Sunday, November 28, 2010

Too Many vs. Not Enough

This is a philosophical reflection on the opposing struggles essay authors find themselves in. It is simultaneously a means of procrastinating confronting one of these very same struggles. It's like bottled water; good for you and good for the economy (while simultaneously being the bane of the environment - I am great with analogies).

So you start writing a paper that needs to be a relatively daunting 6'000 words.

After 2 days of work, near completion, you could be in one of two positions.

You could be running a word defecet. Your brilliant argument has run its course through to an infallible and thoroughly supported conclusion and, yet, you are somehow 1'000 words short. Anything else you would be adding would just be verbose nonsense, and you run the risk that your professor will notice that fact. Any other arguments you could think to include would be tacked on and not as thoroughly researched or integrated. And we all know that, no matter what is said to the contrary, if your paper turns out to be sub-par, it had better be sub-par and long, at least suggesting you put an effort in, than look like a half-baked work of sheer sloth.
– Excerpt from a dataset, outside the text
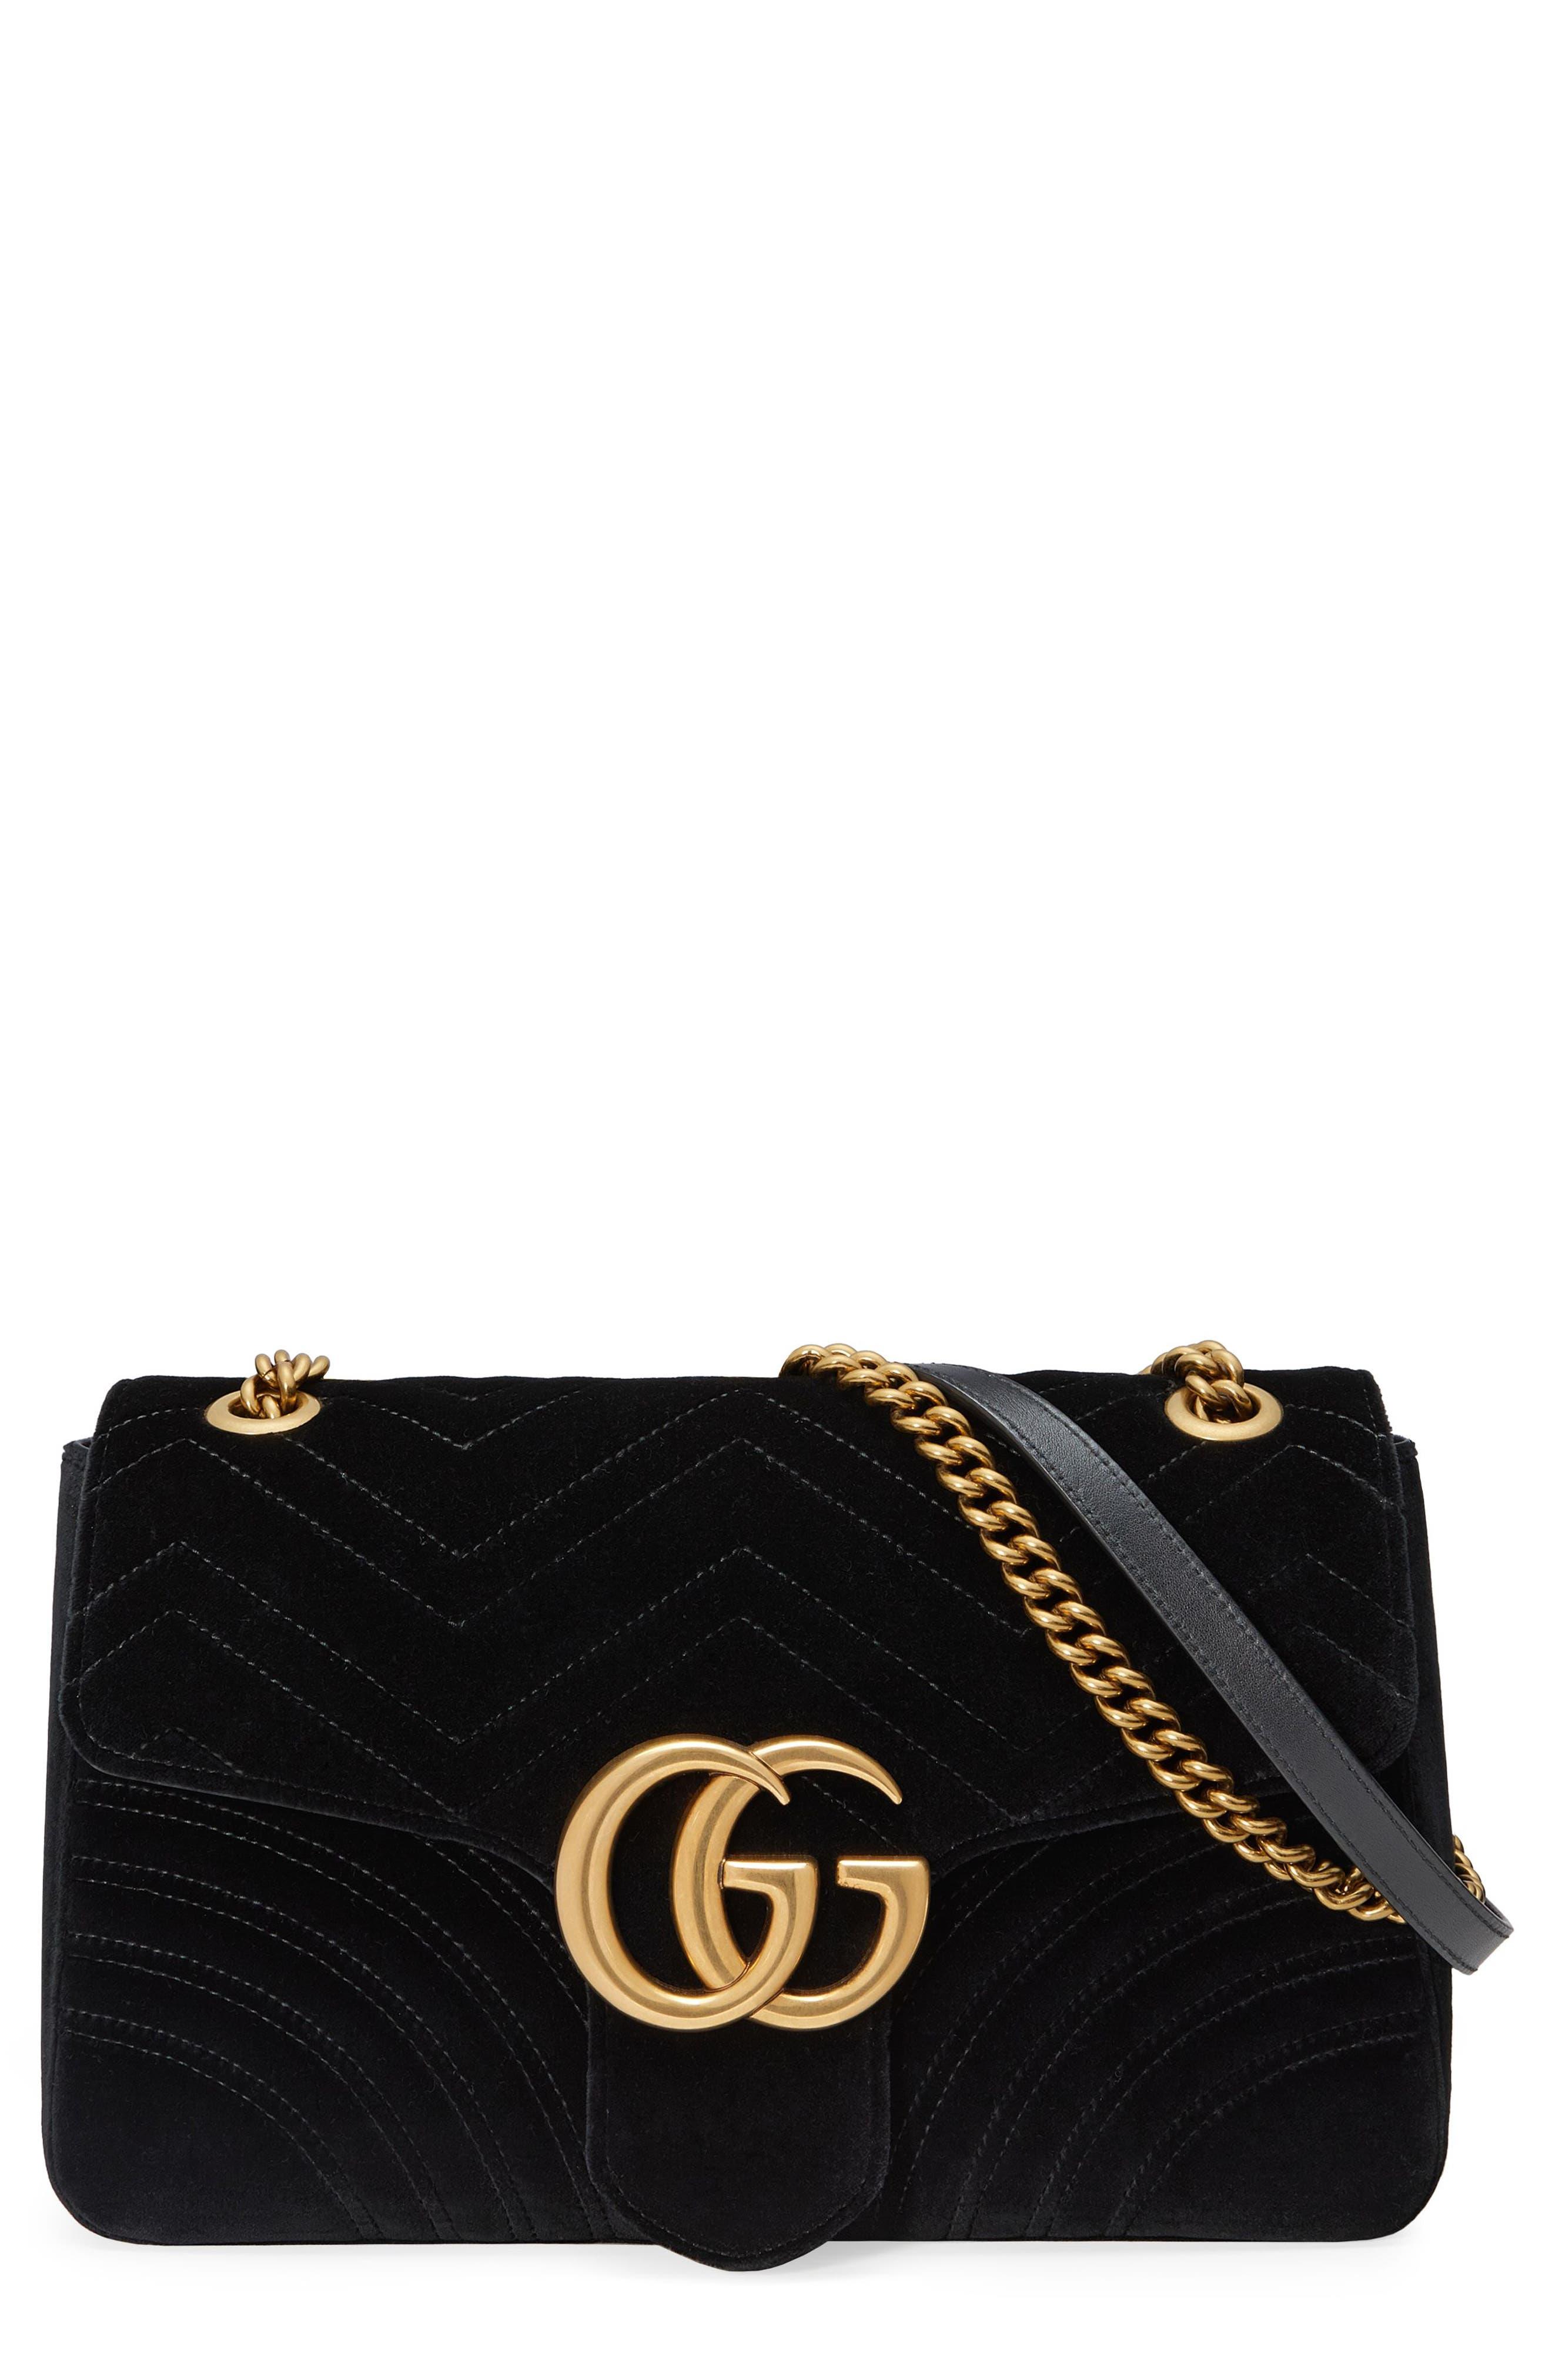 Main Image - Gucci Medium GG Marmont 2.0 Matelassé Velvet Shoulder Bag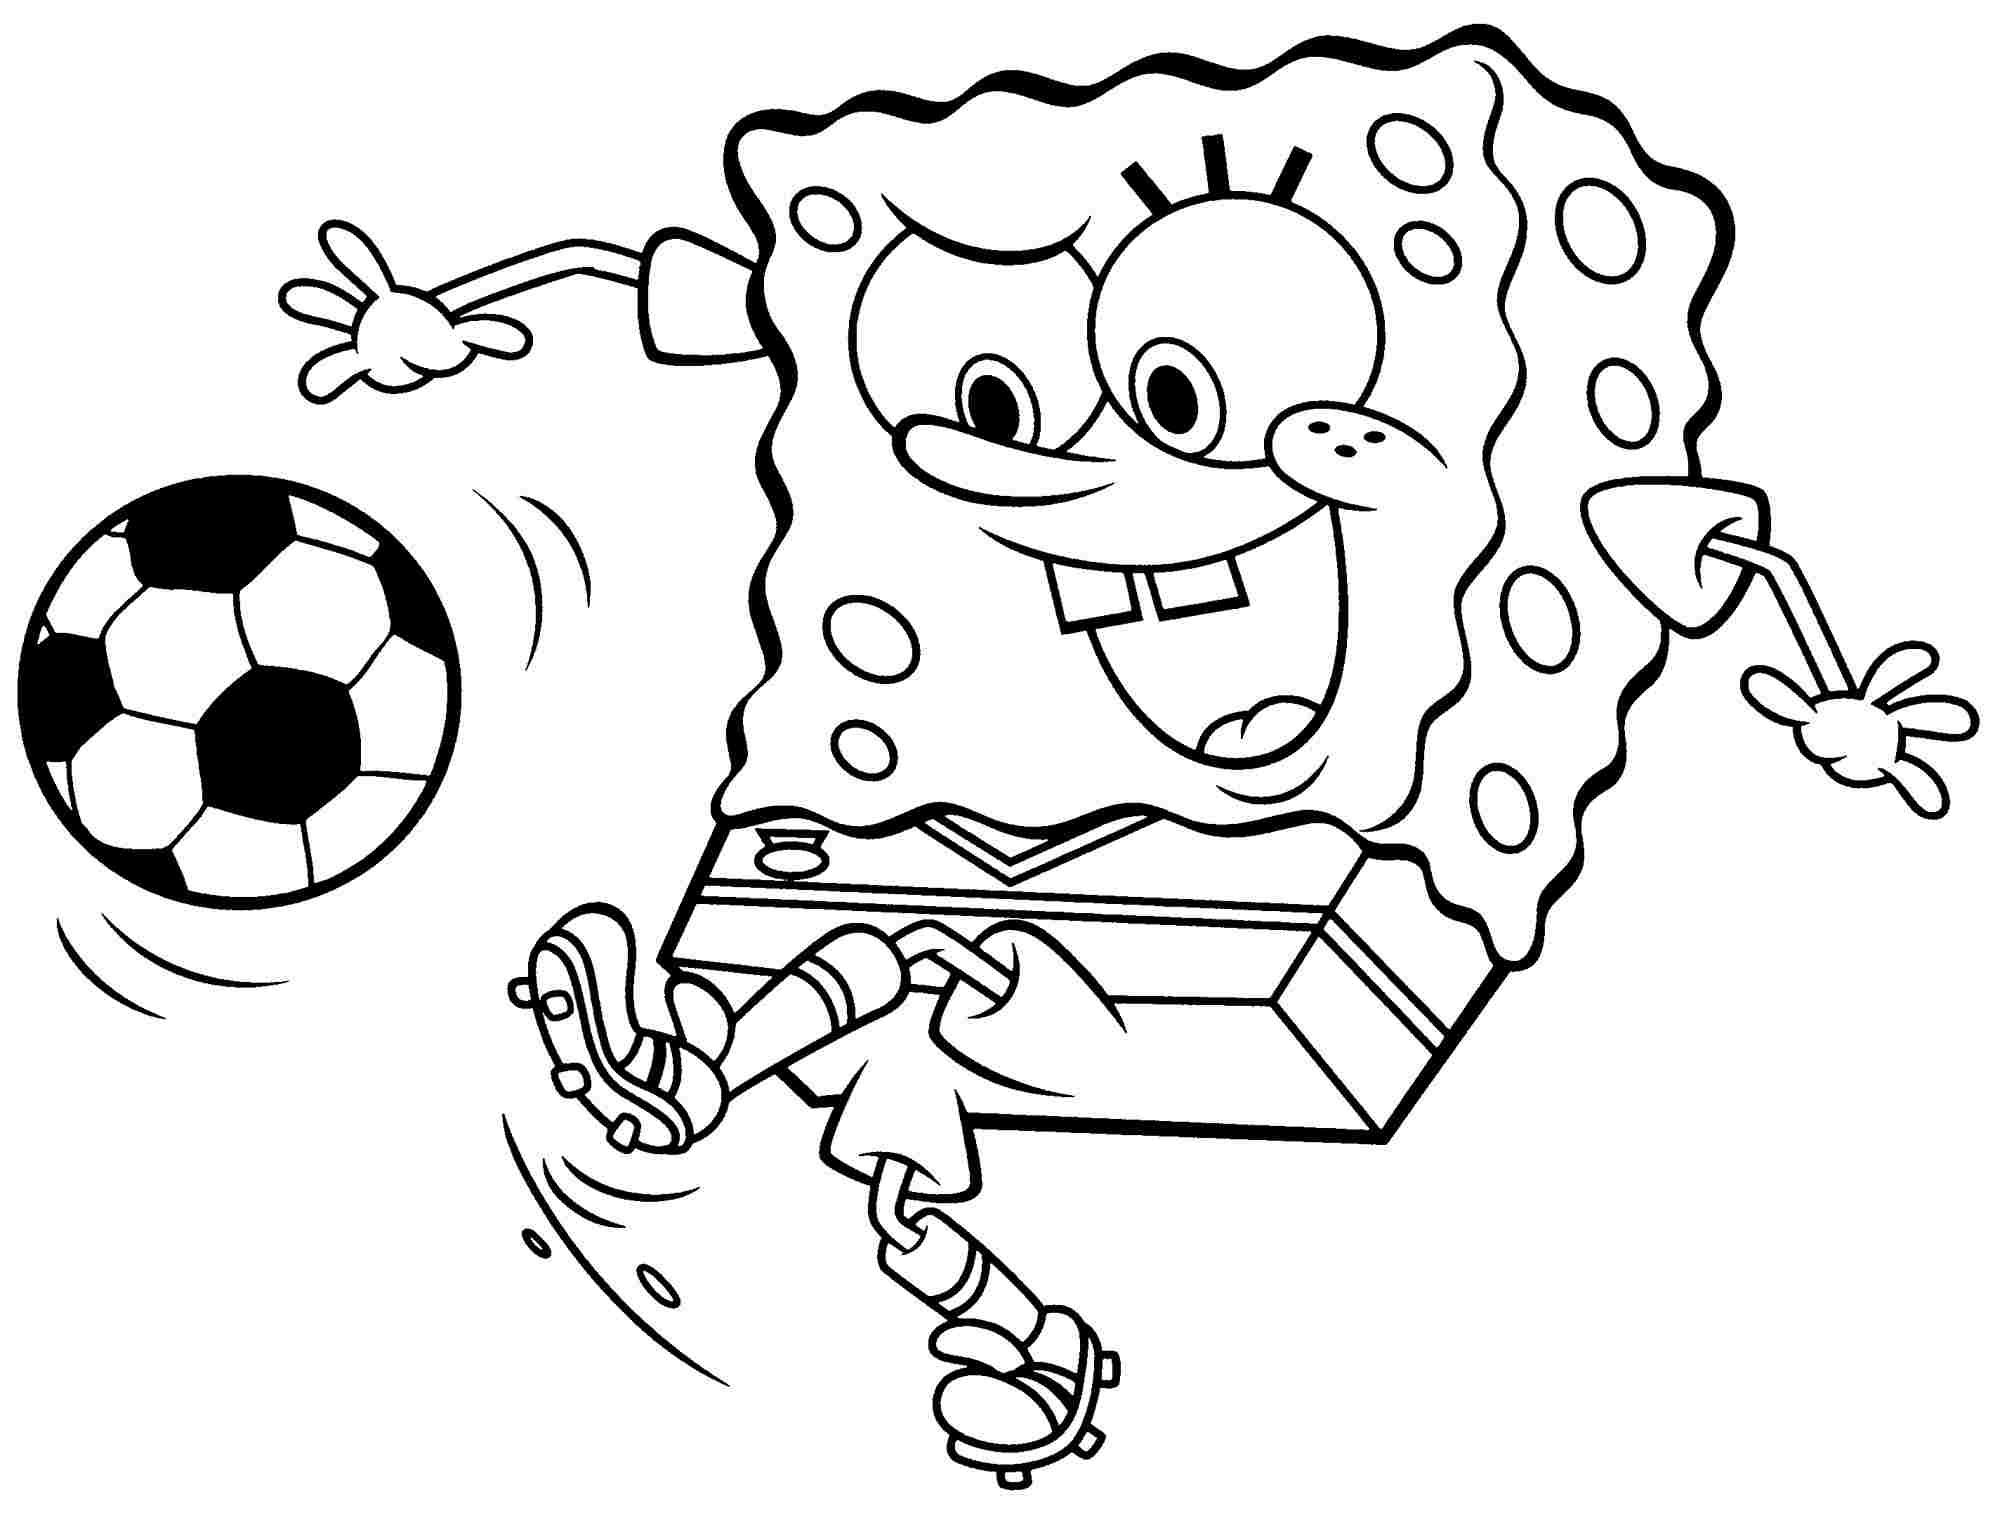 2000x1513 Focus Spongebob Color Sheets Mainstream Colori

Alternatively, you could have a serious surplus. You have reached the required word count, but you are still a 1'000 words, minimum, away from reaching your conclusion. To reach the word count you had philosophized and researched such a variety of topics, structured the paper to include them in logical progression, and then realize your desire to be thorough and well informed has left you without your kitchen sink. And how will you do your dishes then? Do you abort your as-of-yet unwritten argument, and risk that you paper does not really reach its proper and predicted conclusion?


As a T.A. this semester, I told my students that it was certainly better to have too much than too little. If you have too much, you get to practice your editing skills and can afford to polish and cut arguments/sentences that seem wooden and contrived. It is better than grasping desperately at straws, right?

I think I was full of bullshit.

I have yet to include more than my introductory thoughts on my final argument of my paper, and I am at word count. I just want it to be done. I thought writing 6'000 words would be the hardest thing I would have to deal with. Now I'm looking at a possible 8'000 words. The worry is that I am not sure how strong my existing argument is - it wasn't the one I was most interested in, I just saw it as the most necessary, the one which most obviously needed addressing, and which my knowledge required the most supplementing by fresh research. But I wont be able to do both arguments adequately in my remaining space, even if I do allow myself the customary 10% margin of increase/decrease.

Ok...I guess I just have to write the damn thing, right?

1 comment:

  1. I've never told anyone this before, but Dr. heller made me go see a writing teacher for my thesis because she said in 20 pages "I didn't say anything". Crushed my soul. So now I don't write papers and work to crush other people's souls instead.

    You can do this babe, just look at it like a puzzle - you've probably got all the pieces, now you just have to jump up and down on the damn thing to make it all fit.